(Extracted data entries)
[Start of Attachment]
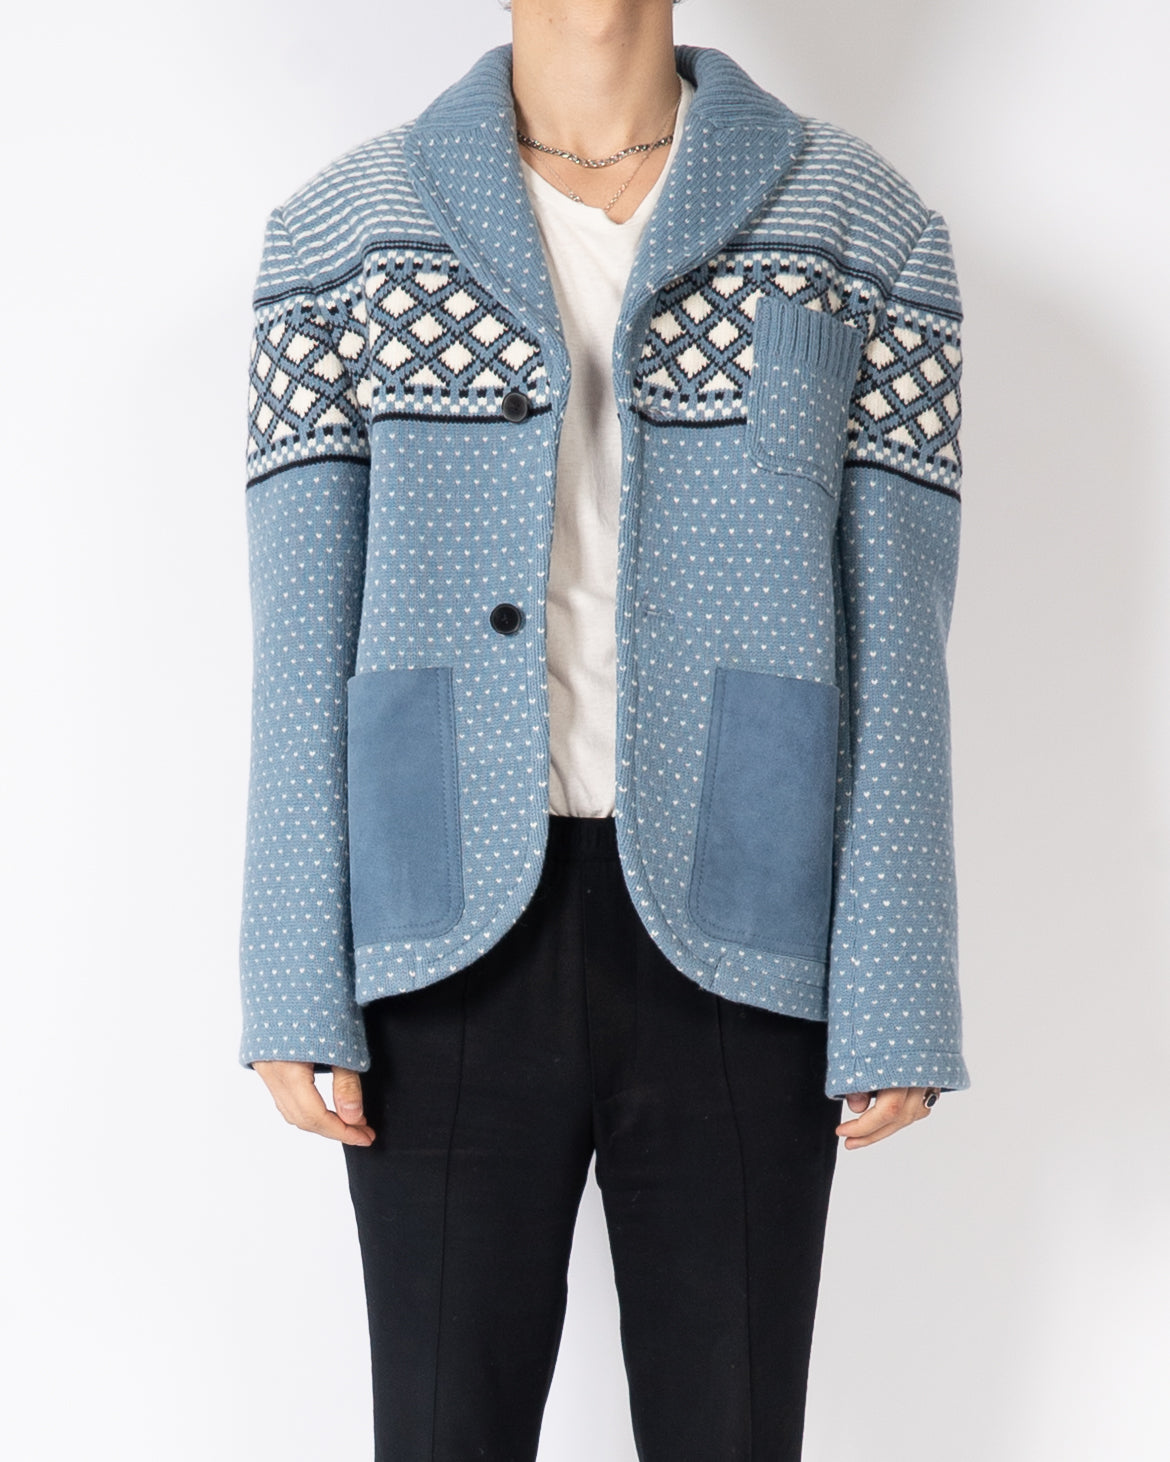 FW20 Blue Knitted Jacquard Jacket 1 of 1 Sample
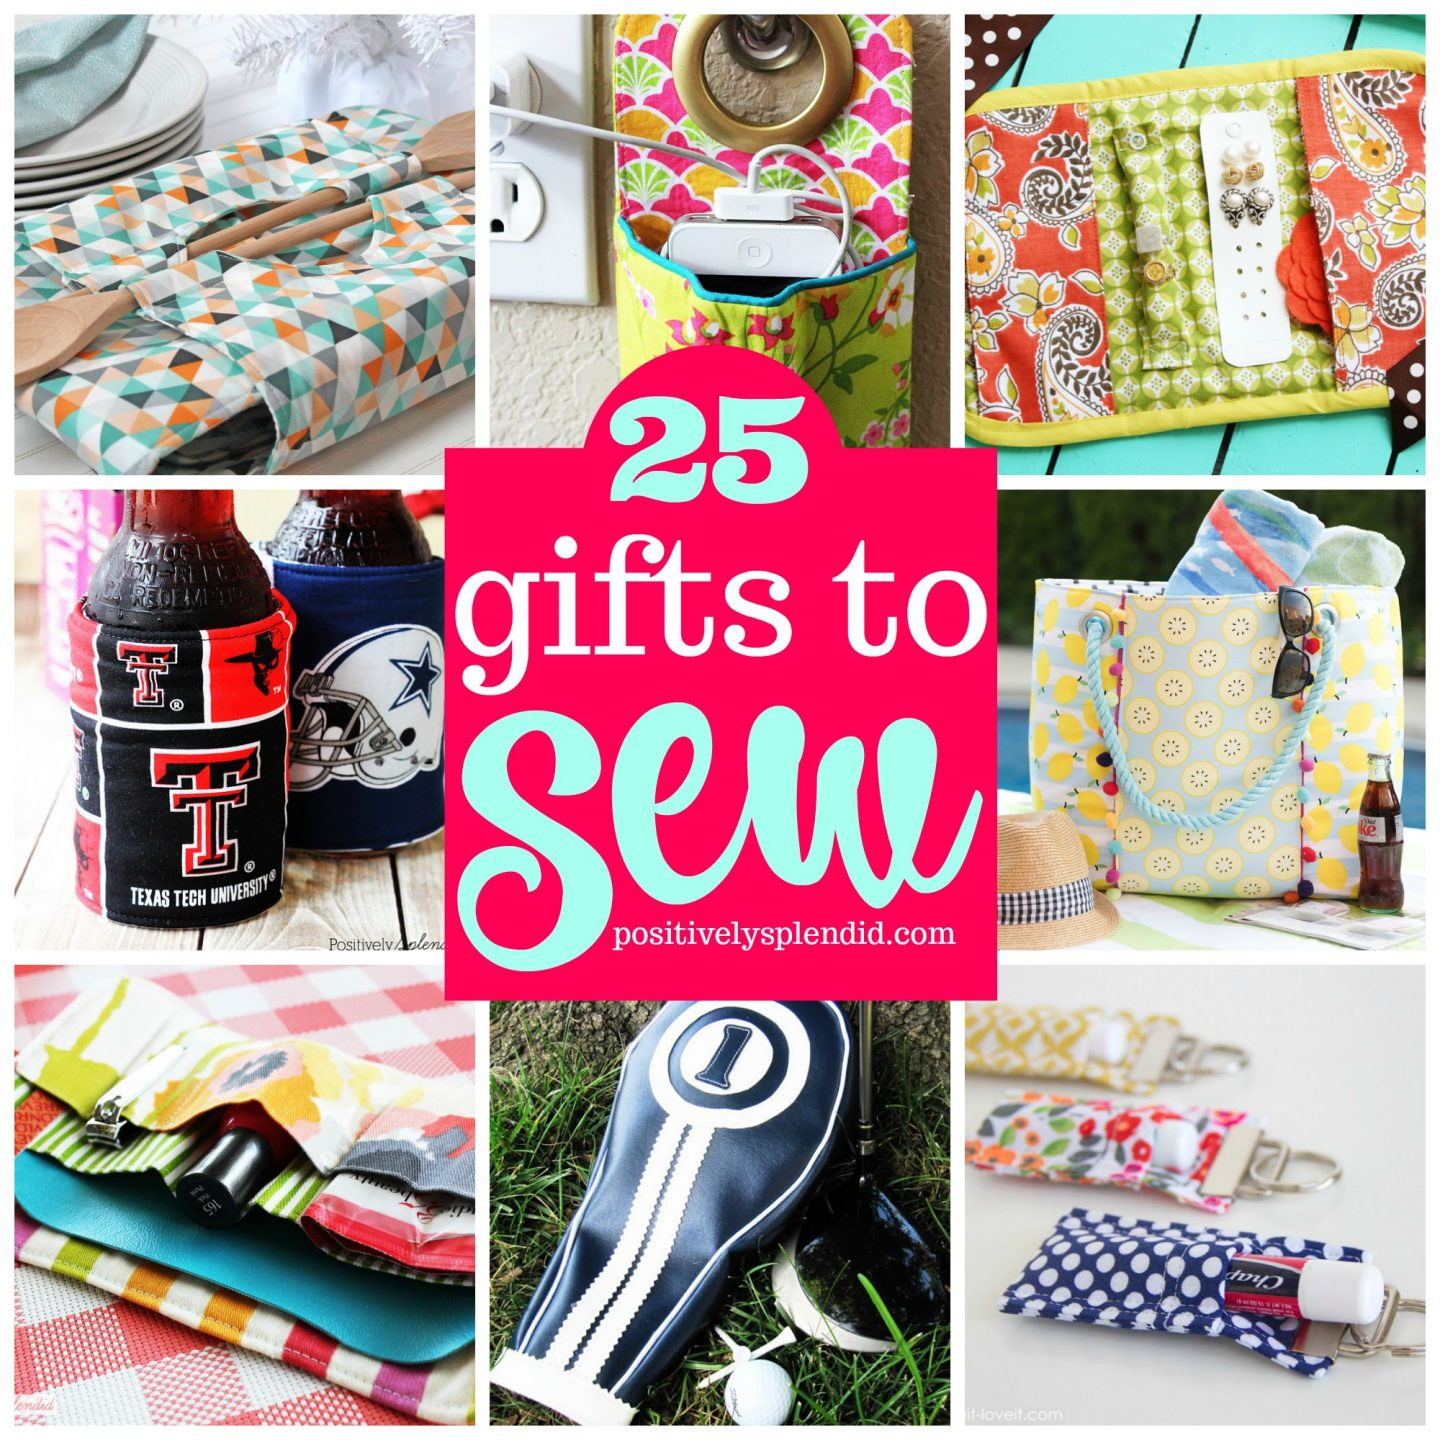 DIY Useful Gifts
 25 Very Best Gifts to Sew Start sewing ts today
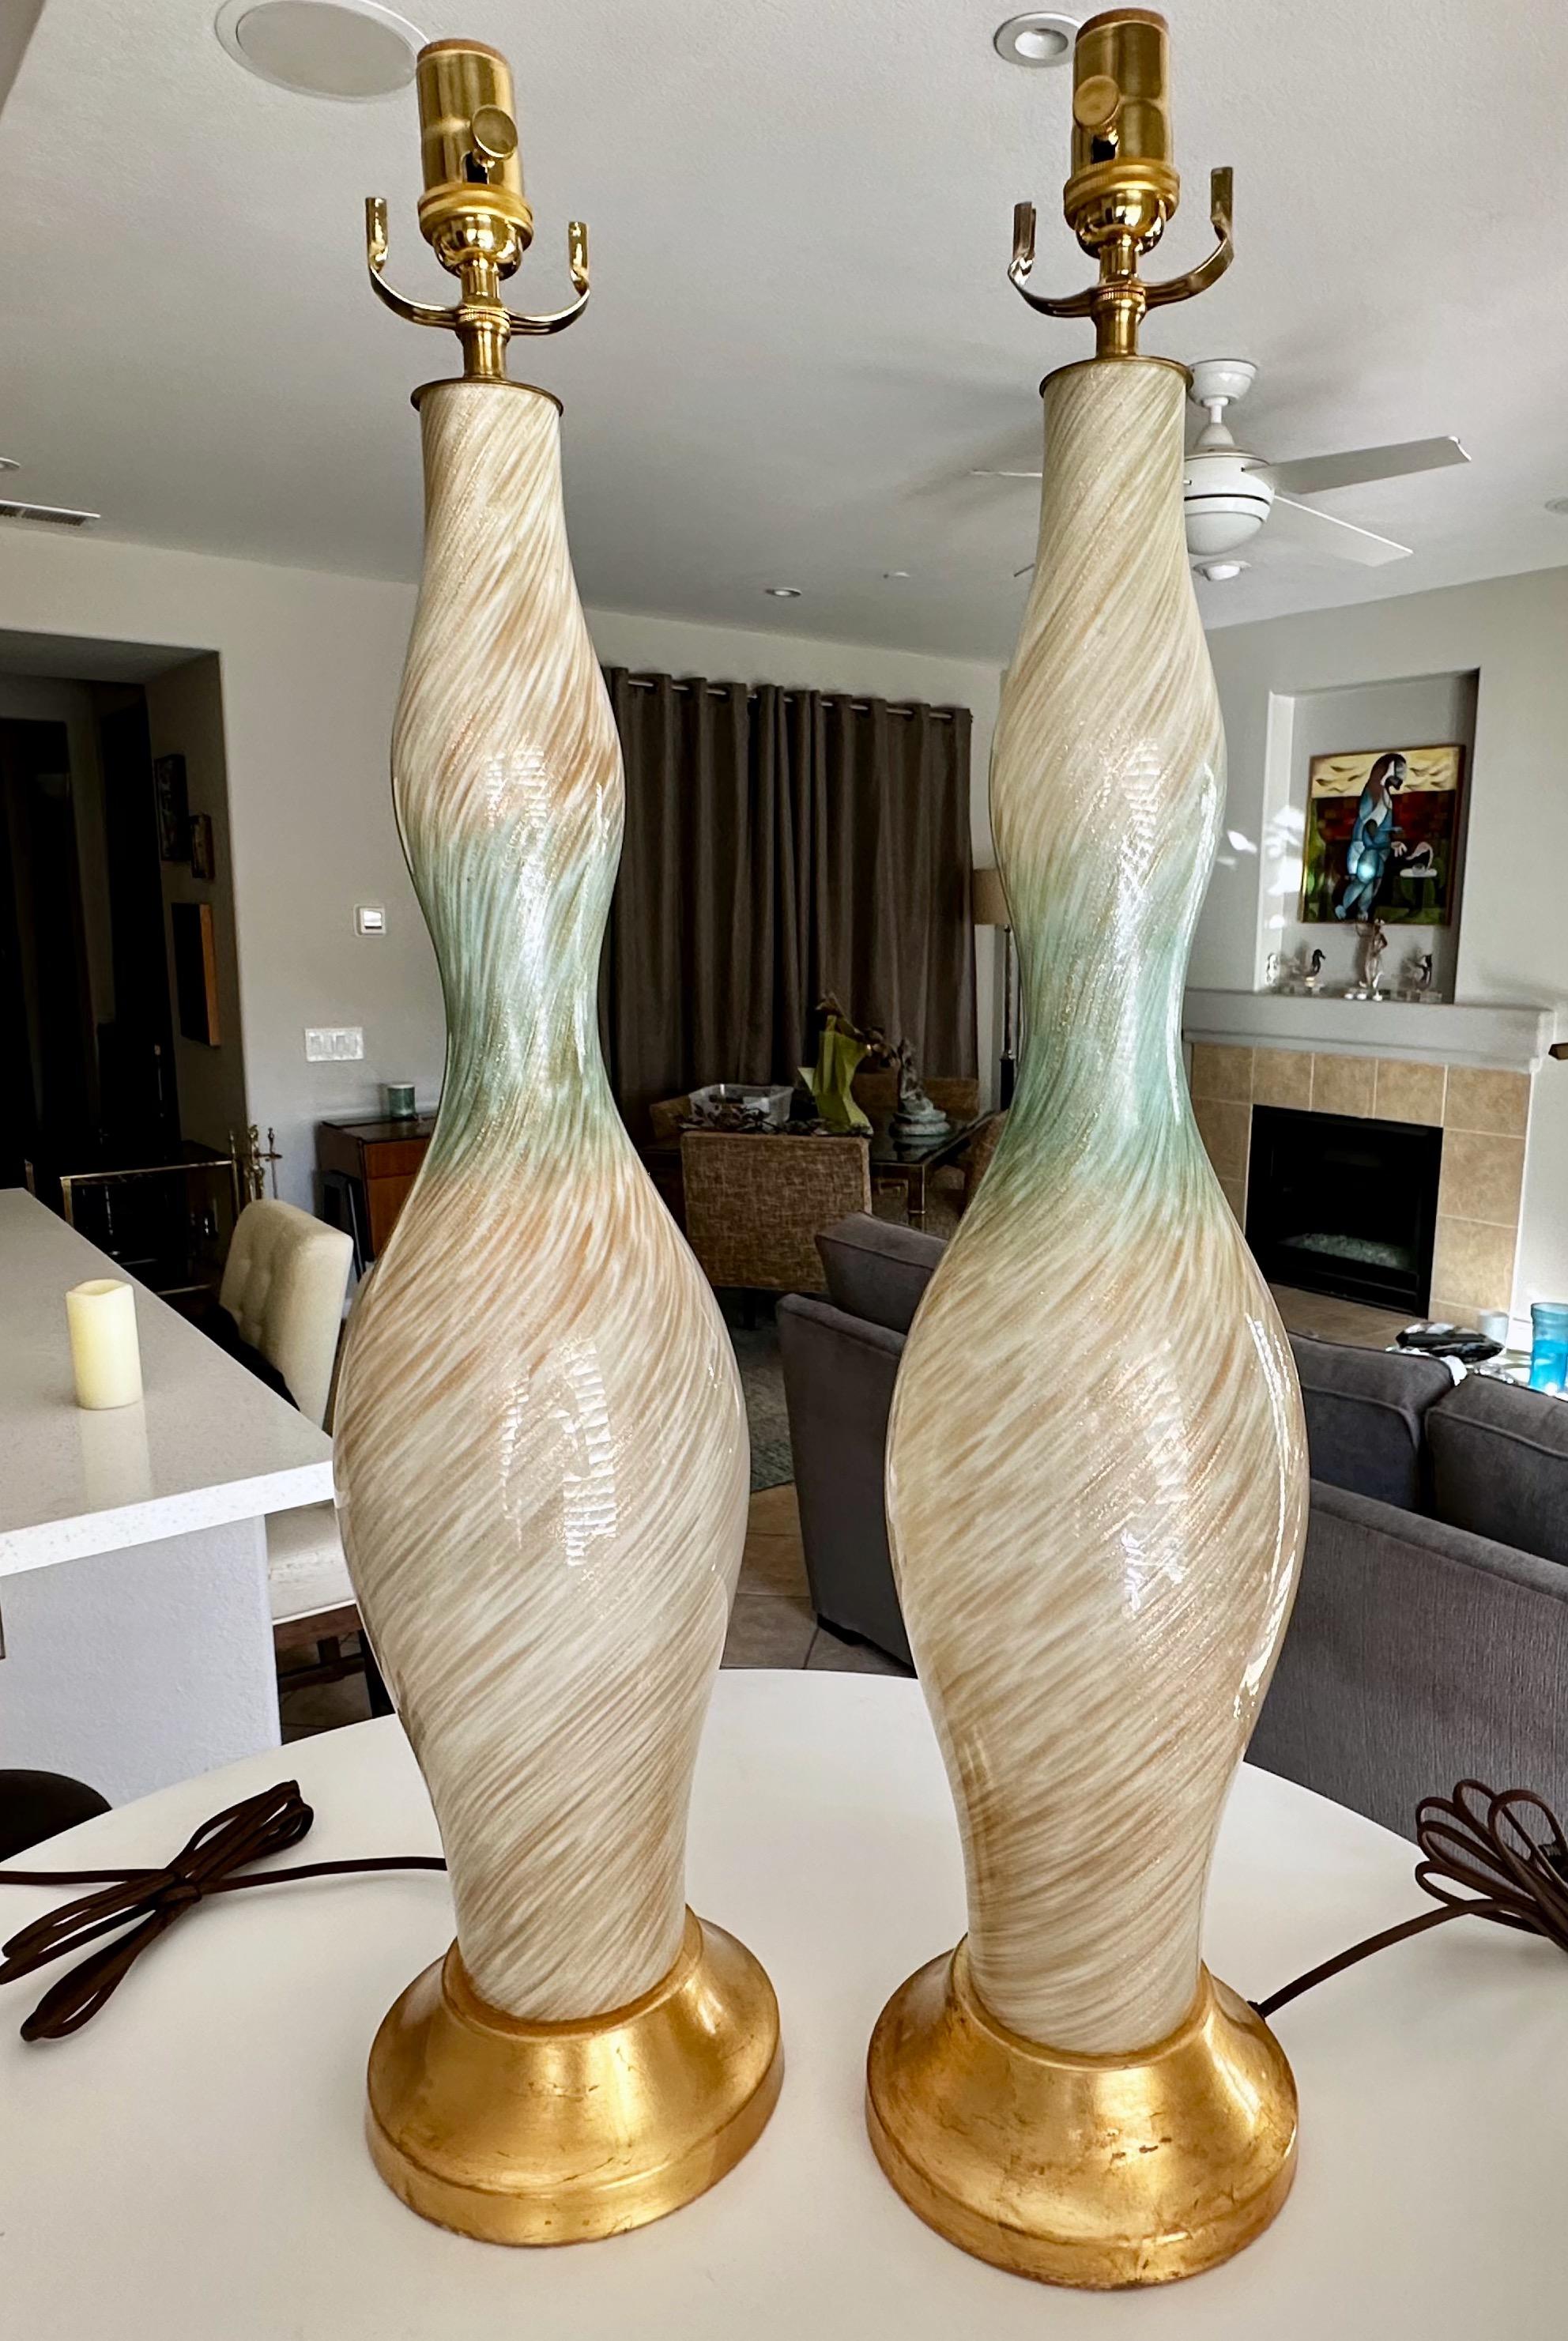 Pair of tall Murano Italian mid century hand blown cased white and splash of light blue table lamps. The glass bodies are covered with swirls of striped copper adventurine, resting on gilt metal bases. Newly wired with new brass 3 way dimmer sockets
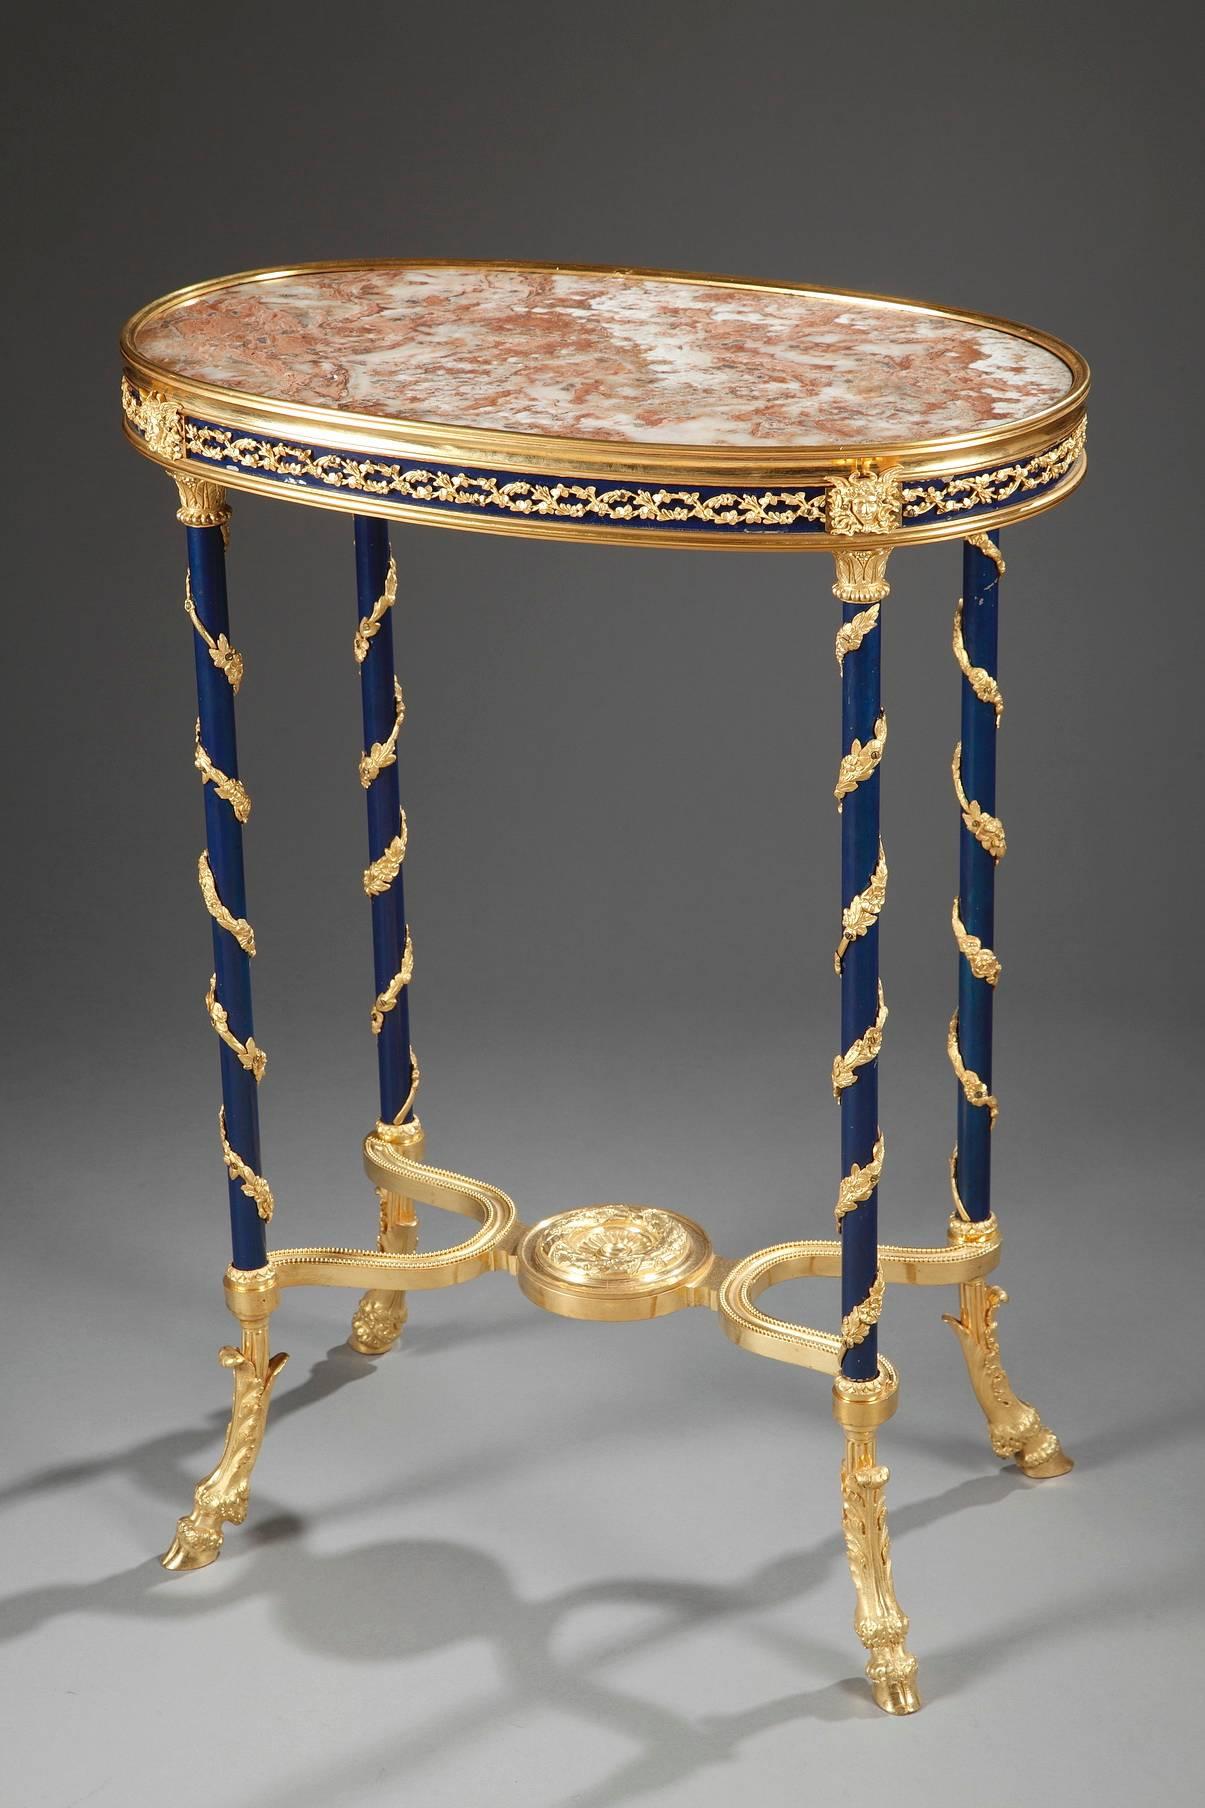 Gueridon with its oval, marble tray. The marble top is framed with an ormolu frieze of interlacing foliage set on a dark blue background. Masks interrupt the frieze above the four legs of the table, which are slender, dark-blue columns. The tops of
[End of Attachment]
§ HOW TO COMPLETE THIS TASK
Write out exactly the lines from the one that contains "25 Very Best" through the last line of the data above, both included. Leave every picture out.

§ SOLVED PROBLEM
 25 Very Best Gifts to Sew Start sewing ts today
 Pair of tall Murano Italian mid century hand blown cased white and splash of light blue table lamps. The glass bodies are covered with swirls of striped copper adventurine, resting on gilt metal bases. Newly wired with new brass 3 way dimmer sockets
 Gueridon with its oval, marble tray. The marble top is framed with an ormolu frieze of interlacing foliage set on a dark blue background. Masks interrupt the frieze above the four legs of the table, which are slender, dark-blue columns. The tops of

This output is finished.